Using data from the Curiosity rover, NASA's Mars Science Laboratory/Curiosity team has determined that, long ago, water helped deposit sediment into Gale Crater, where the rover landed more than three years ago.
The sediment deposited as layers that formed the foundation for Mount Sharp, the mountain found in the middle of the crater today.
"Observations from the rover suggest that a series of long-lived streams and lakes existed at some point between about 3.8 to 3.3 billion years ago, delivering sediment that slowly built up the lower layers of Mount Sharp," said Ashwin Vasavada, Mars Science Laboratory project scientist at NASA's Jet Propulsion Laboratory in Pasadena, California.
The findings build upon previous work that suggested there were ancient lakes on Mars, and add to the unfolding story of a wet Mars, both past and present.

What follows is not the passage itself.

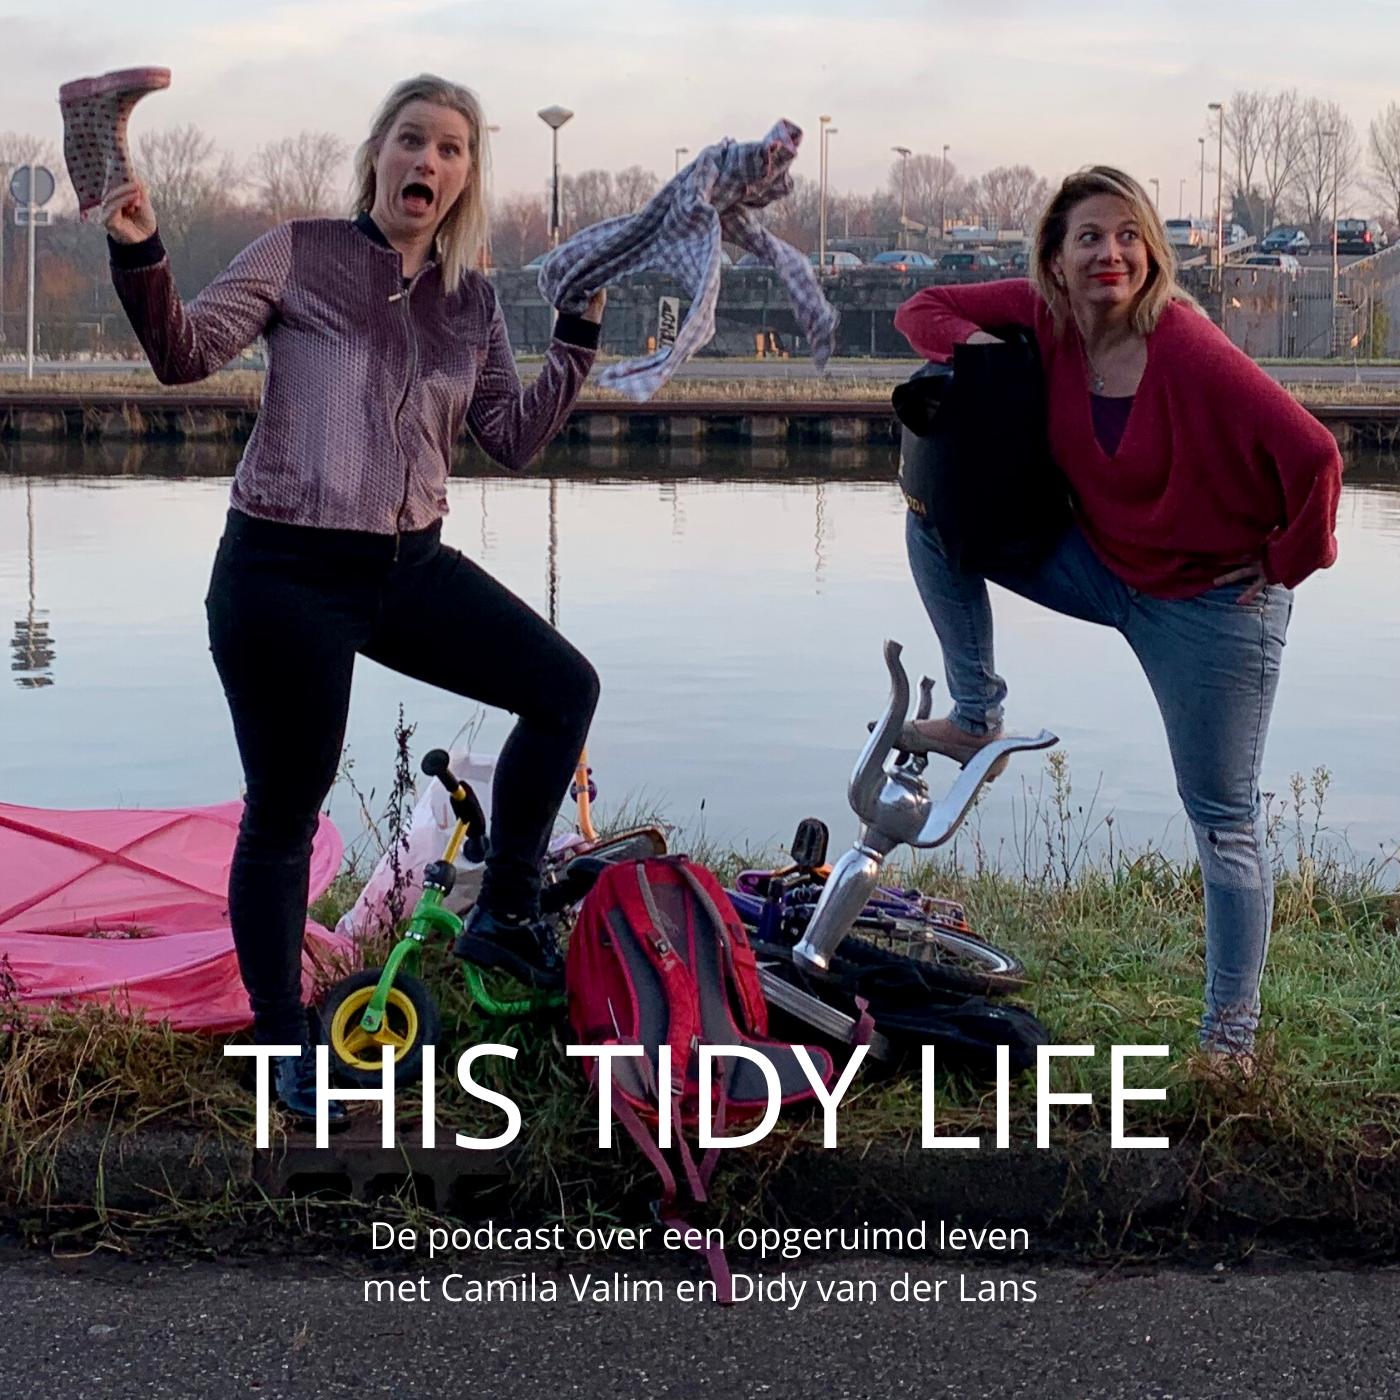 This Tidy Life - de podcast over een opgeruimd leven logo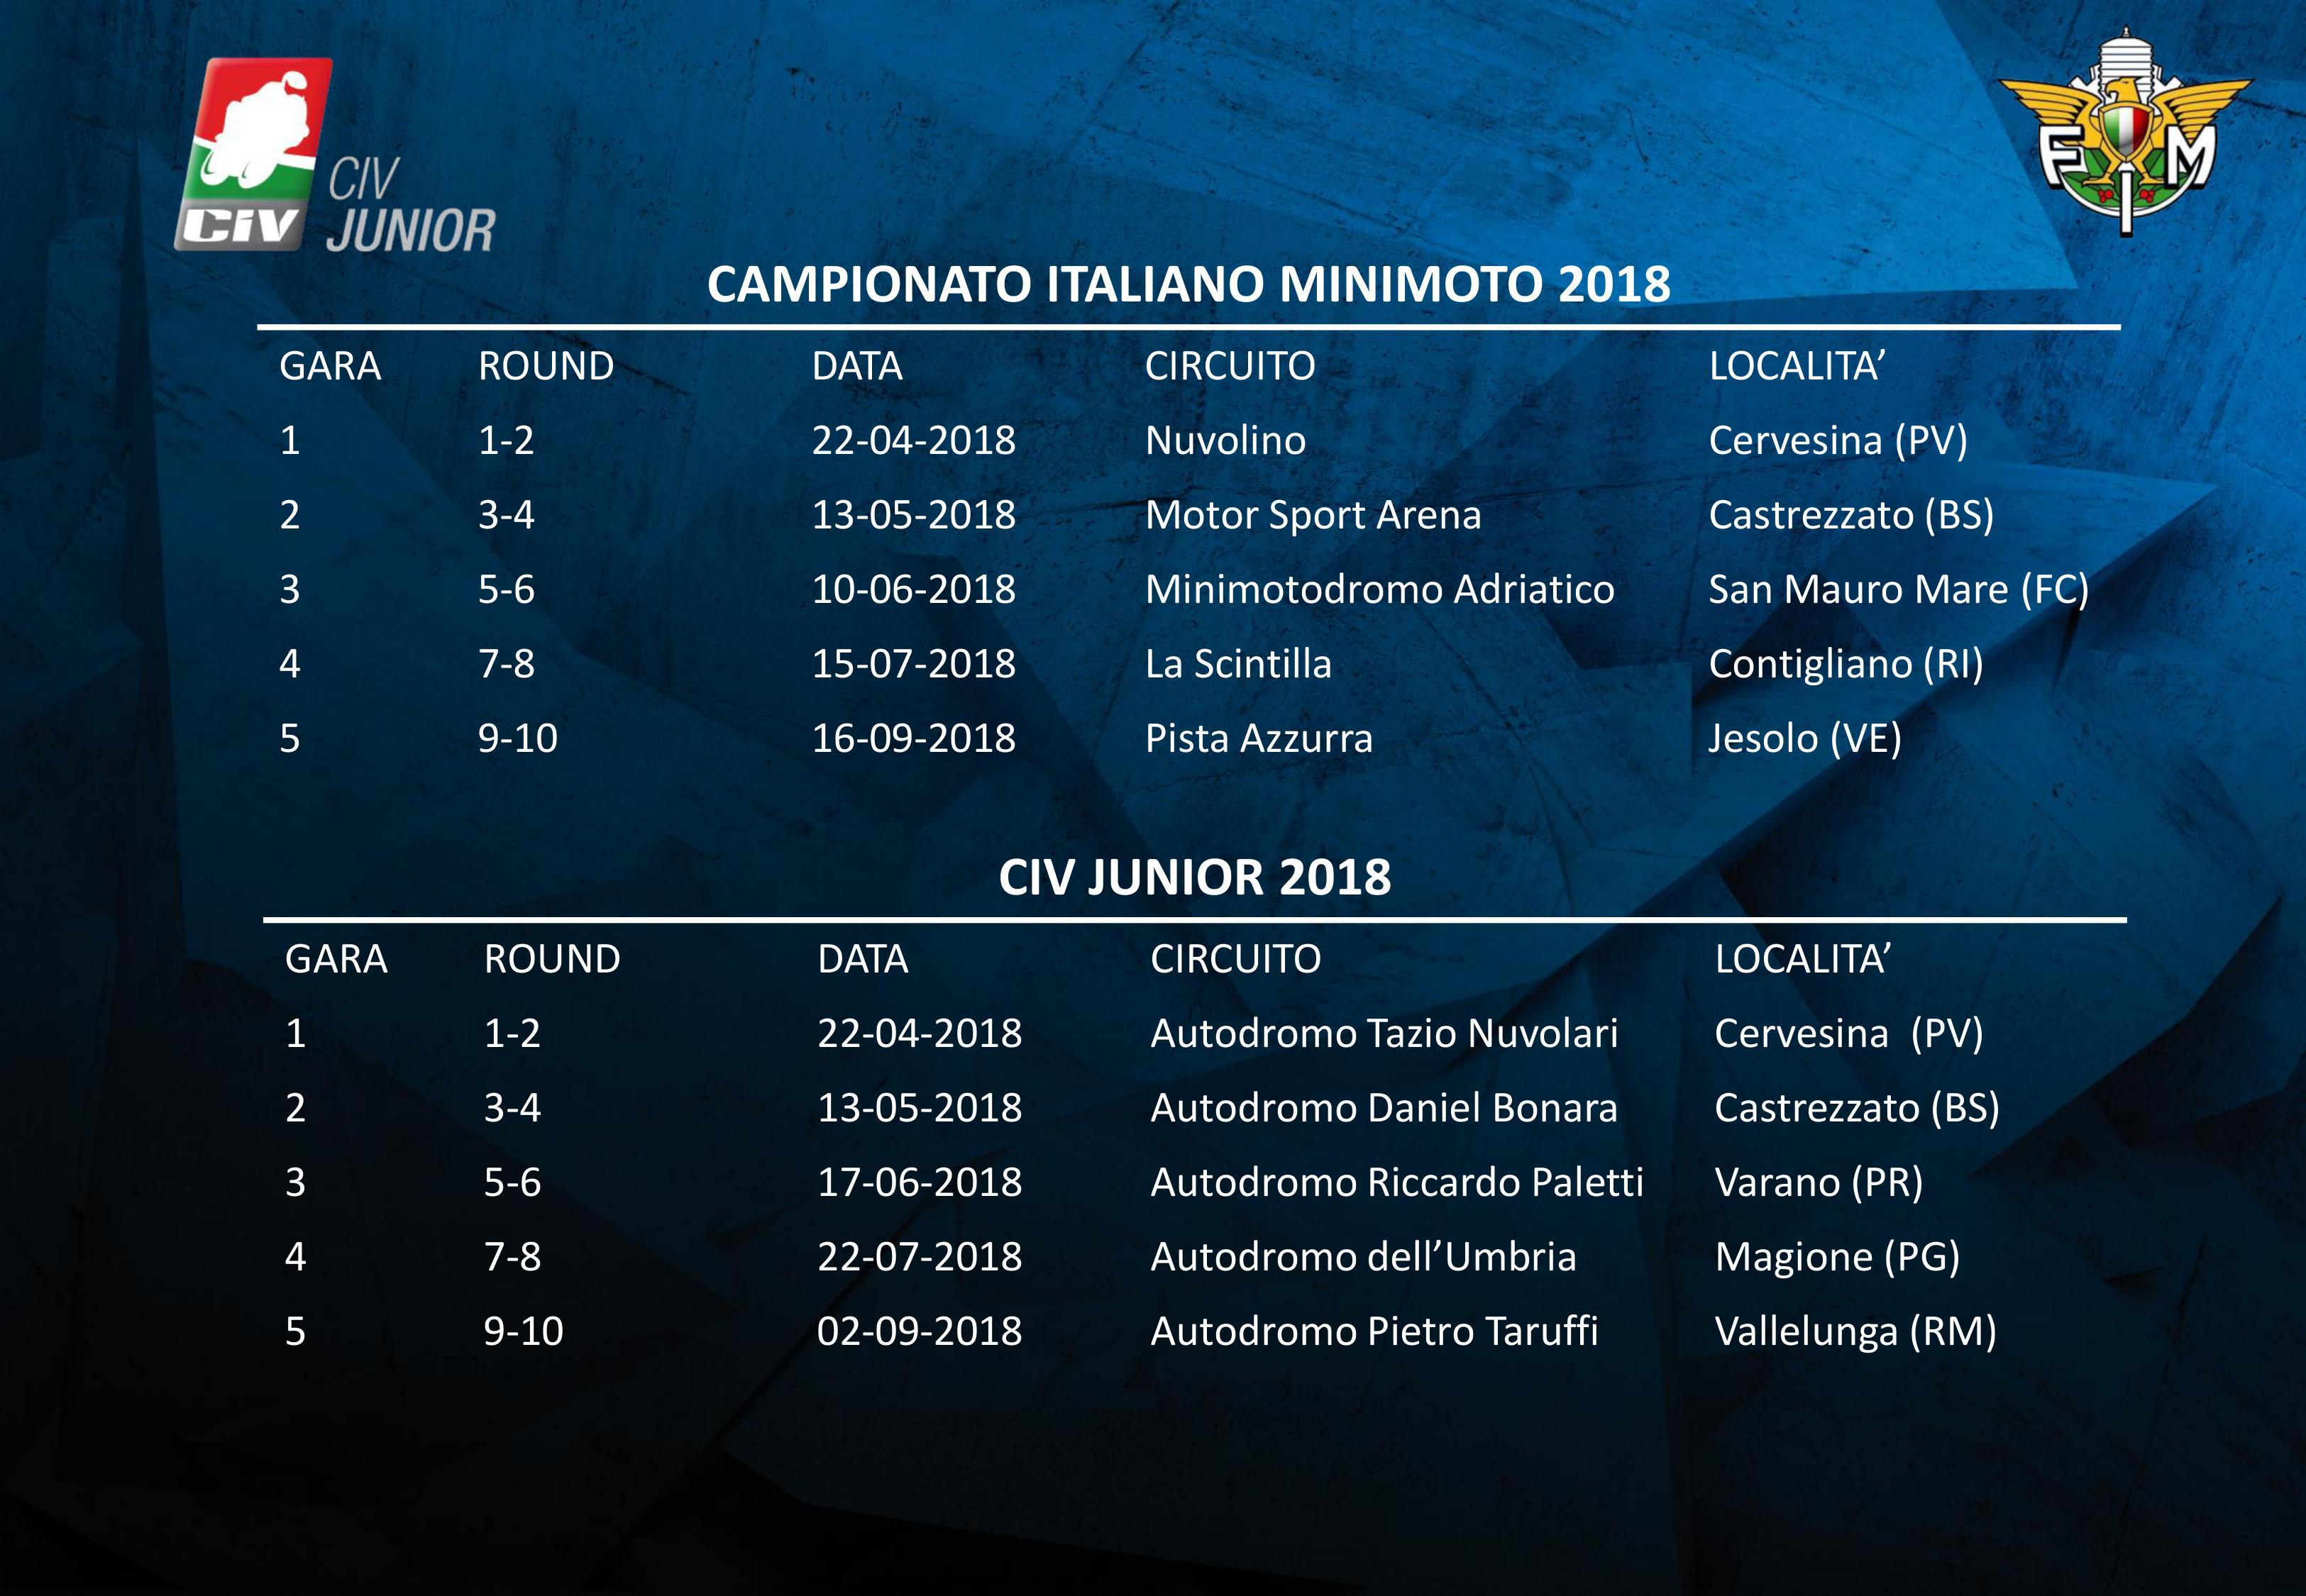 Civ Calendario.Civ Campionato Italiano Minimoto E Civ Junior I Calendari

Last month, NASA scientists confirmed current water flows on Mars.
"It's clear that the Mars of billions of years ago more closely resembled Earth than it does today. Our challenge is to figure out how this more clement Mars was even possible, and what happened to that wetter Mars," said Michael Meyer, lead scientist for NASA's Mars Exploration Program at NASA Headquarters in Washington.
Before Curiosity landed on Mars in 2012, scientists proposed that Gale Crater had filled with layers of sediments. Some hypotheses were "dry," suggesting that sediment accumulated from wind-blown dust and sand.
Others focused on the possibility that sediment layers were deposited in ancient lakes.
The latest results indicate that these wetter scenarios were correct for the lower portions of Mount Sharp.
Based on the new analysis, the filling of at least the bottom layers of the mountain occurred mostly by ancient rivers and lakes over a period of less than 500 million years.
"During the traverse of Gale, we have noticed patterns in the geology where we saw evidence of ancient fast-moving streams with coarser gravel, as well as places where streams appear to have emptied out into bodies of standing water," Vasavada said.
"The prediction was that we should start seeing water-deposited, fine-grained rocks closer to Mount Sharp. Now that we've arrived, we're seeing finely laminated mudstones in abundance that look like lake deposits," he said.
The mudstone indicates the presence of bodies of standing water in the form of lakes that remained for long periods of time, possibly repeatedly expanding and contracting during hundreds to millions of years.
These lakes deposited the sediment that eventually formed the lower portion of the mountain.
The research was published in the journal Science.